Durante sus escalas en Bali y Lombok, separadas por un estrecho profundo pero angosto, notó otra serie de patrones de presencia-ausencia. “En Bali hay barbudos, aves frugívoras y pájaros carpinteros –escribió. Pero del lado de Lombok–, no los hay, aunque sí una gran abundancia de cacatúas, melífagos y telégalas, que son igualmente desconocidos en Bali o en otras islas más hacia el Oeste”. Encontraría discrepancias similares entre las islas más grandes de Borneo y Célebes, justo al norte, que estaban frente a frente, separadas por estrechos profundos. Todos estos datos concuerdan más con una visión evolutiva de biogeografía que con un dogma piadoso de creación especial.

El tercer paso hacia su teoría lo dio en 1858, en un lugar cerca de Ternate, cuando de pronto relacionó las claves biogeográficas con el fenómeno de la variación en las especies, las observaciones de Malthus sobre el exceso de crecimiento poblacional, el hecho de que el alimento y el hábitat están limitados aun si el ritmo reproductivo no, y la noción de que la mayoría de los hijos de las especies no sobrevien. “Pensando sobre la enorme y constante destrucción que esto implicaba, me pregunté por qué unos viven y otros mueren”. Su respuesta fue que las variantes mejor equipadas para las circunstancias sobrevivían. Incluso, este proceso debe generar un cambio direccional adaptativo en las especies en general. ¿Por qué la jirafa tiene el cuello largo? Porque las que lo tenían corto no dejaron descendencia.

Emocionado, envió su manuscrito a Darwin, a quien reconocía como un genial, pero distante, correspondiente. Wallace le comenta que espera que esta idea le sea tan nueva como lo es para él.

Por supuesto, no lo era. La idea tenía 20 años cocinándose en la mente de Darwin y era suya. Pero tras dos décadas de investigación continua, de refinamiento de sus argumentos, de distracciones y de dudas, Darwin no tenía nada publicado que demostrara que él lo había pensado.

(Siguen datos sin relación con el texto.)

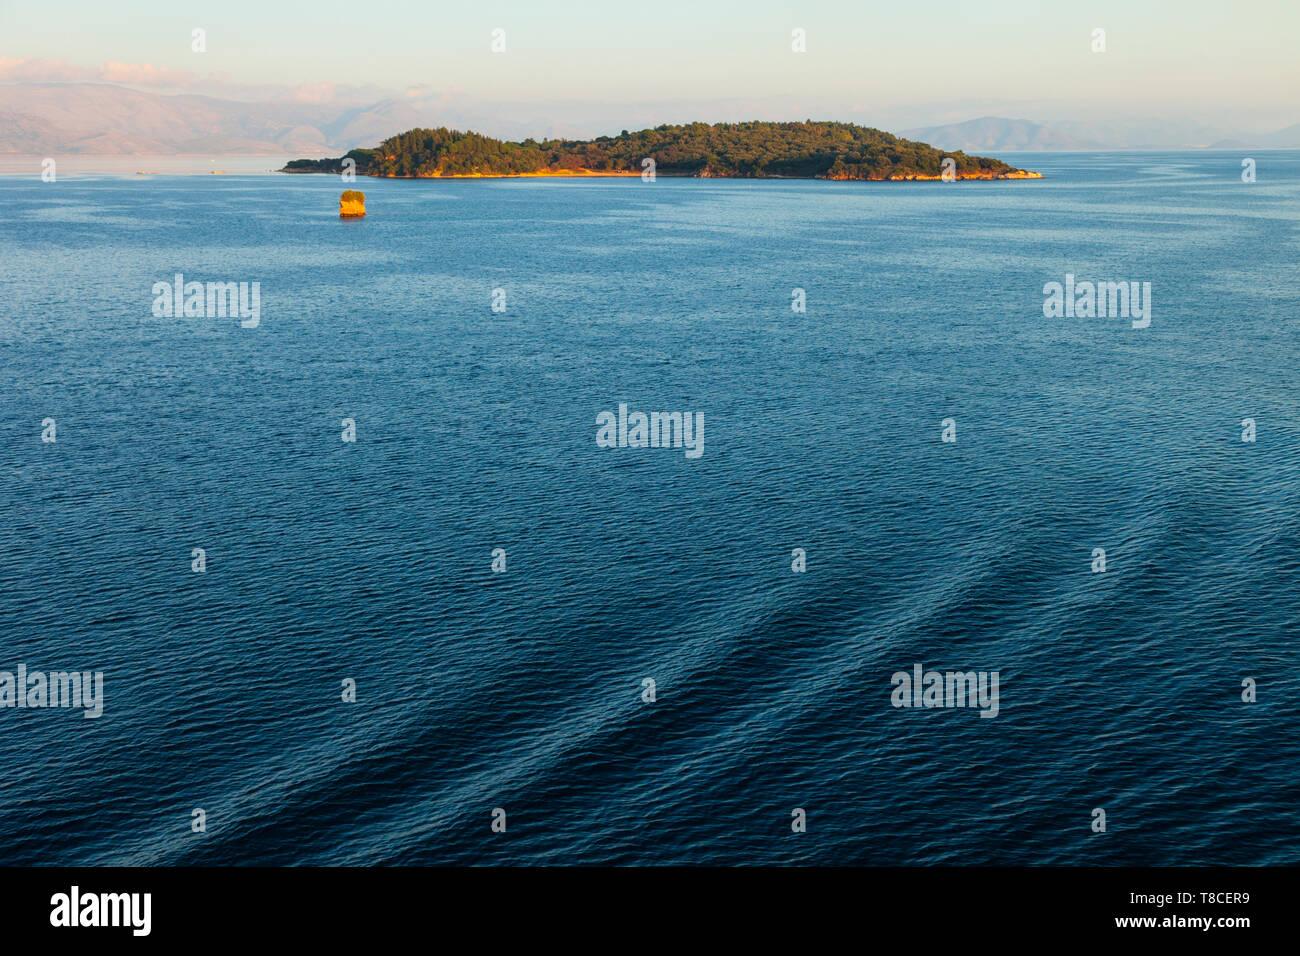 Isla cercana a la Ciudad de Corfú, Isla Corfú, Islas Jónicas, Grecia, Mar Mediterráneo - Stock Image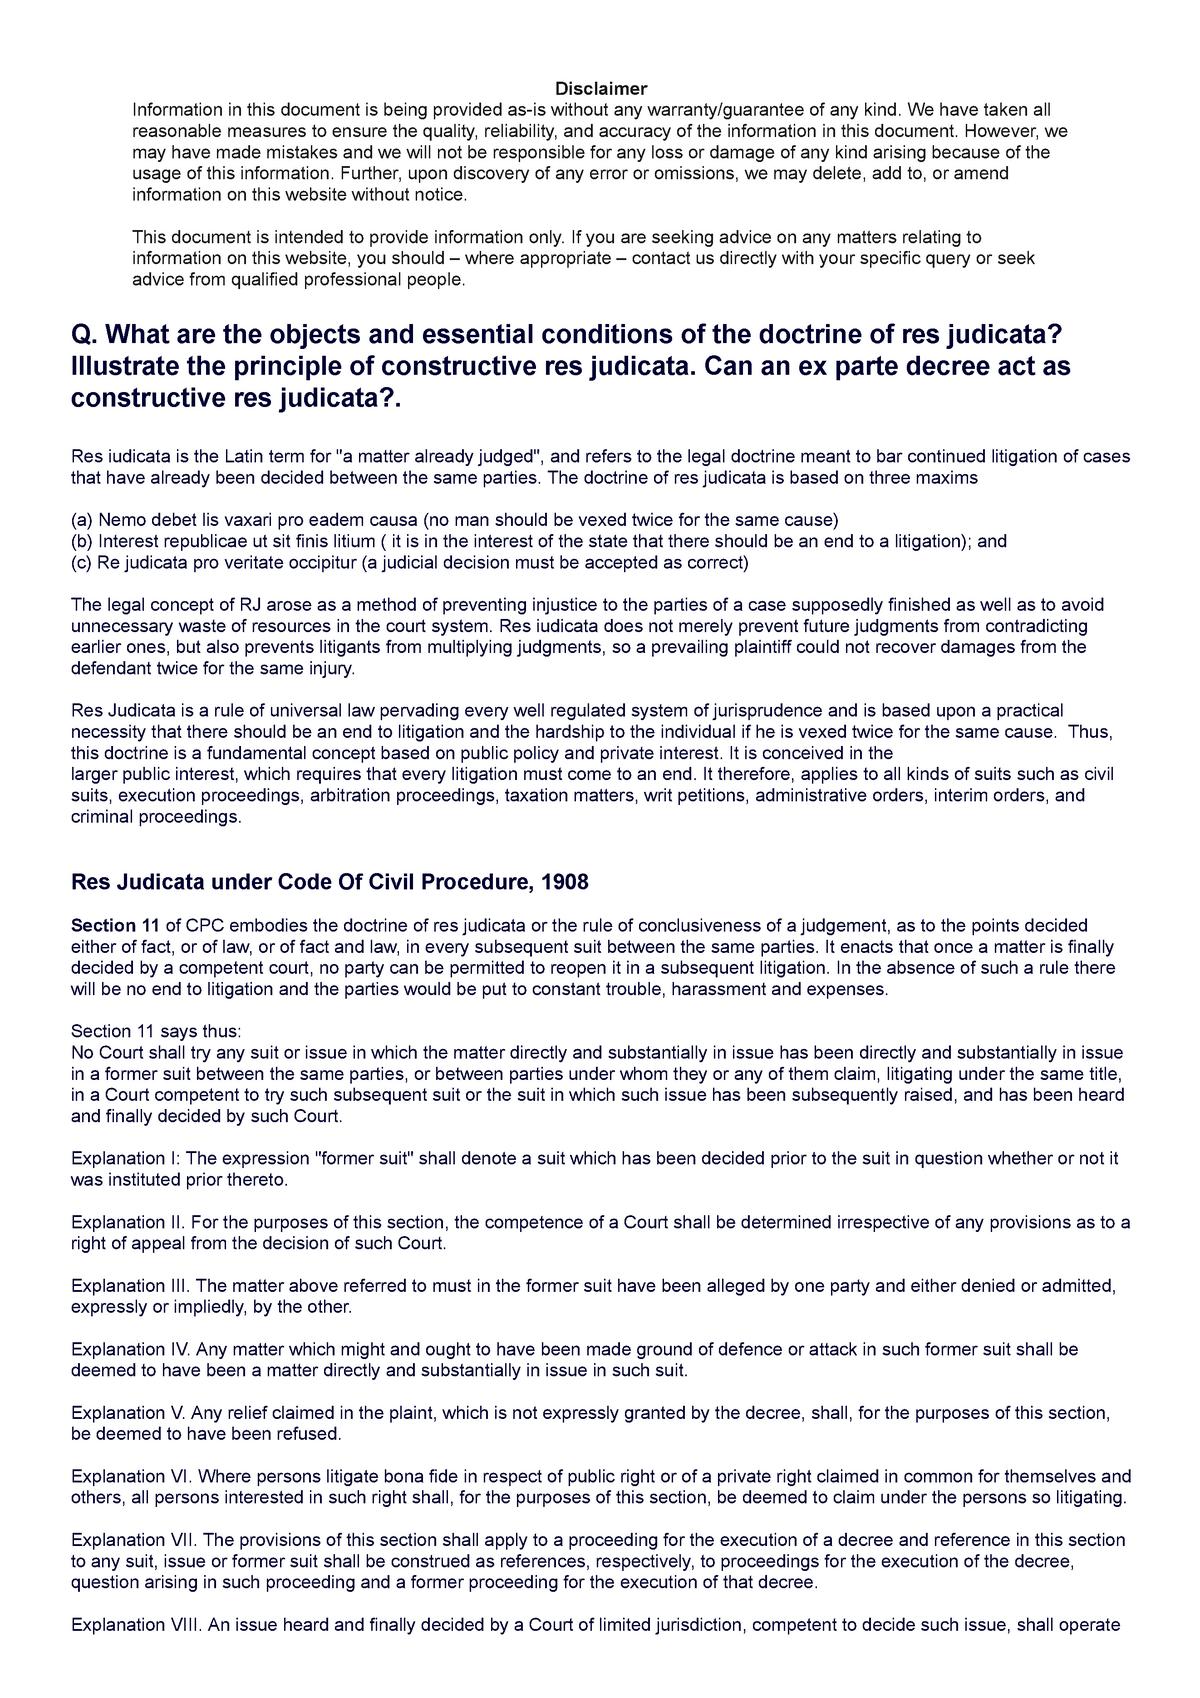 Hanumant com CPC-Res Judicata - Civil procedure code - StuDocu

Alfred Wallace estaba atrapado en las costas de Nueva Guinea, castigado por el clima, el hambre y la fiebre el día de 1858 que su artículo, junto con algunas cosas no publicadas de Darwin, se leyó en la Sociedad Linneana. Este evento era una maniobra sutil y arbitraria que le permitía a Darwin coanunciar el descubrimiento con Wallace. Nadie lo consultó, aunque al enterarse se mostró complacido y halagado. En noviembre de 1859, Wallace seguía en el Archipiélago Malayo cuando Darwin publicó Sobre el origen de las especies, libro que escribió apresuradamente al sentir la presión del artículo de Wallace. La copia de Wallace llegó en buque de vapor, como cortesía de Darwin. Lo leyó unas cinco o seis veces, cada vez más impresionado por la manera en que había logrado integrar toda la información. “Es el Principia de la Historia Natural –le escribió a un viejo amigo–. El Sr. Darwin le ha dado al mundo una nueva ciencia y su nombre debería estar por encima de todo filósofo antiguo o moderno”. Si el nombre de Darwin resaltó sobre el de todos los demás filósofos, con seguridad lo haría sobre el de Wallace como autor de esta teoría. Y así fue. Pero este, de espíritu generoso, satisfecho con sus propias fortalezas y limitaciones, no le guardó rencor.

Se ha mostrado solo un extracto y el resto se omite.